Let $M$ be a smooth compact riemannian manifold with Levi Civita connection and consider a smooth function $f: M \to \mathbb{R}$. Then the Laplacian of $f$ $$ \Delta f = \text{div} ( \text{grad} f) $$ end the Hessian of $f$ $$ \nabla^2 f (X,Y) = \langle \nabla_X \text{grad} f , Y \rangle $$ are well defined.
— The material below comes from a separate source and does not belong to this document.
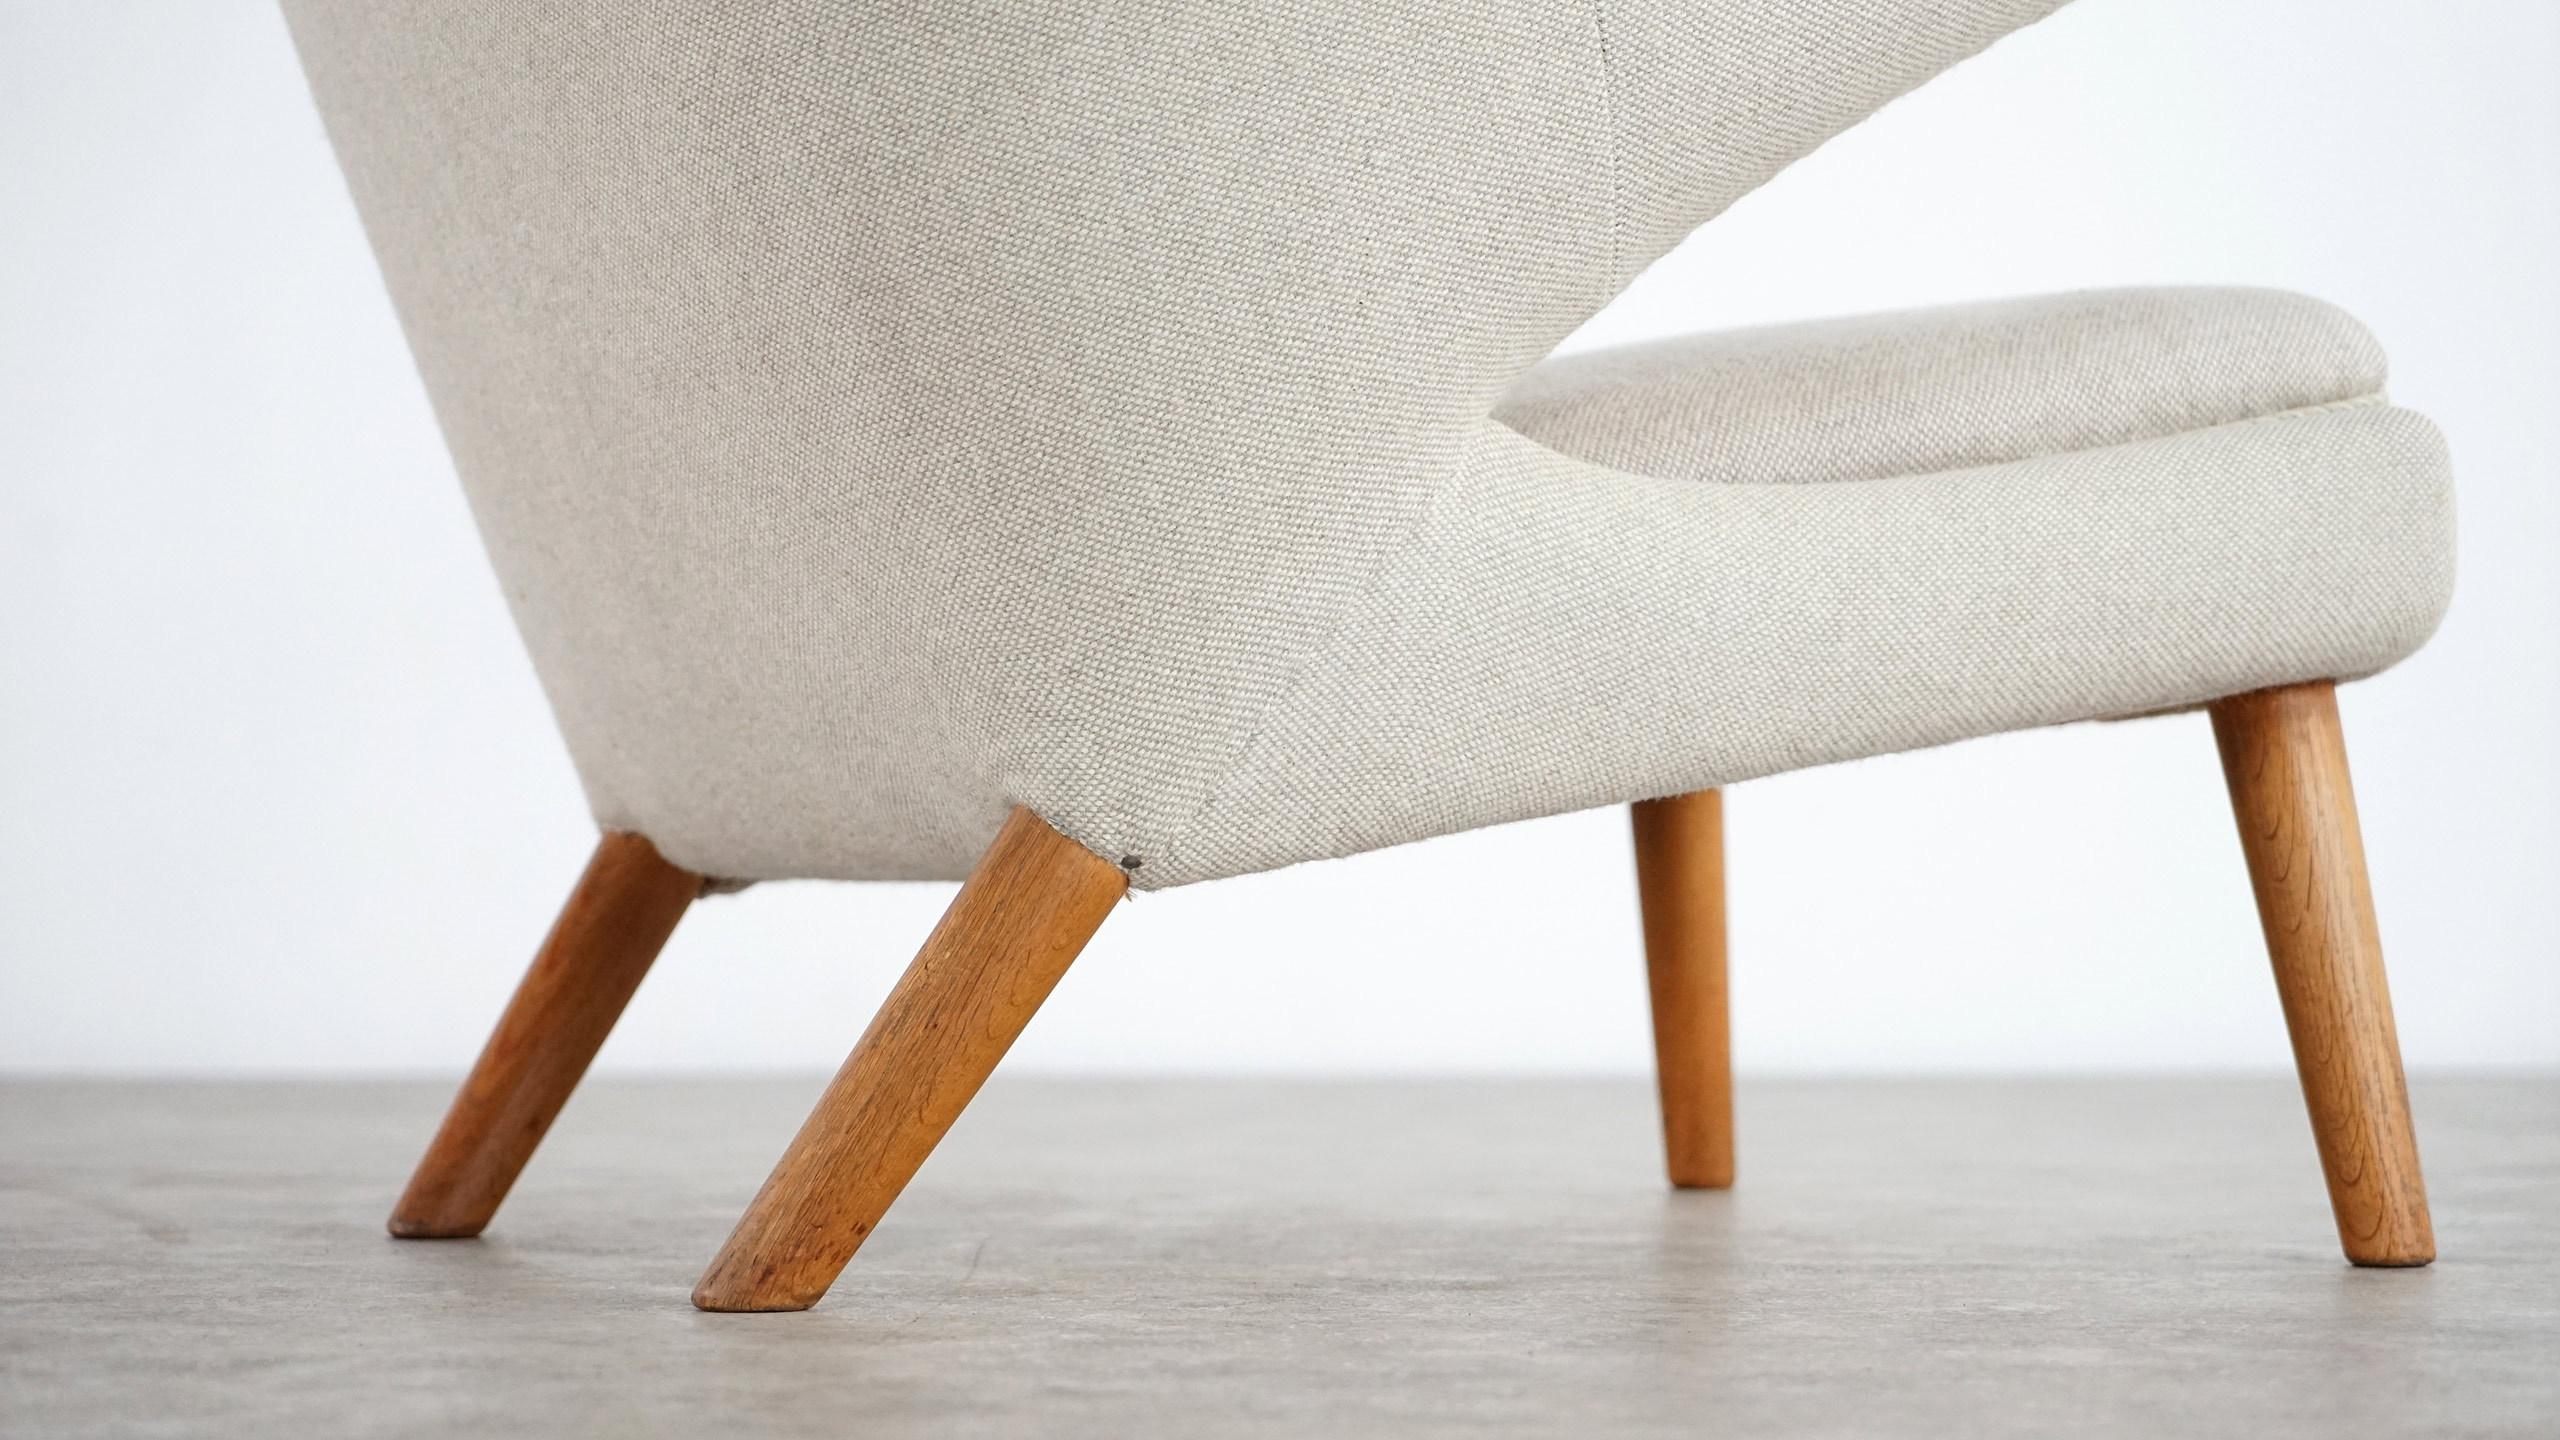 28 papa bear sessel kaufen papa bear chair hans. Black Bedroom Furniture Sets. Home Design Ideas

I want to prove the inequality $$ \| \Delta f\|_{\infty} \le C\| \nabla^2 f \|$$ for some positive constant $C$. I'm using $$ \| \Delta f\|_{\infty} = \sup_{x \in M} |\Delta f| \quad \quad \|\nabla^2 f\|_{\infty} = \sup_{x \in M} \Biggl ( \sup_{u,v \in T_xM \setminus \{0\}} \frac{ |\nabla^2 f (u,v)|}{|u||v|} \Biggr ) $$
How can I prove it?
Looking at the problem in an abstract way, maybe I can consider a general $\tau \in T_2^0(M)$ and since the laplacian is the trace of the hessian I have
$$ \|\text{tr}(\tau)\|_{\infty} = \sup_{x \in M} |\text{tr}(\tau(x))|= \sup_{x \in M} \tau_{ij}(x)g^{ij}(x) \le \sup_{x \in M} \biggl ( \sum_{i,j}\tau_{ij}(x) \max_{ij} g^{ij}(x) \biggr ) =$$ $$ \sup_{x \in M} \biggl ( \max_{ij}g^{ij}(x) \sum_{i,j} \tau_{ij}(x) \biggr ) = \biggl ( \sup_{x \in M} \max_{i,j} g^{ij}(x) \biggr ) \sup_{x \in M} \sum_{i,j}\tau_{ij}(x) \lesssim \biggl ( \sup_{x \in M} \max_{i,j} g^{ij}(x) \biggr ) \|\tau\|_{\infty}$$ where the last inequality is due to the fact that all norms are equivalent in finite dimensional spaces. Moreover the quantity $$ \biggl ( \sup_{x \in M} \max_{i,j} g^{ij}(x) \biggr )$$ is finite being it the supremum of a continuous function on a compact set.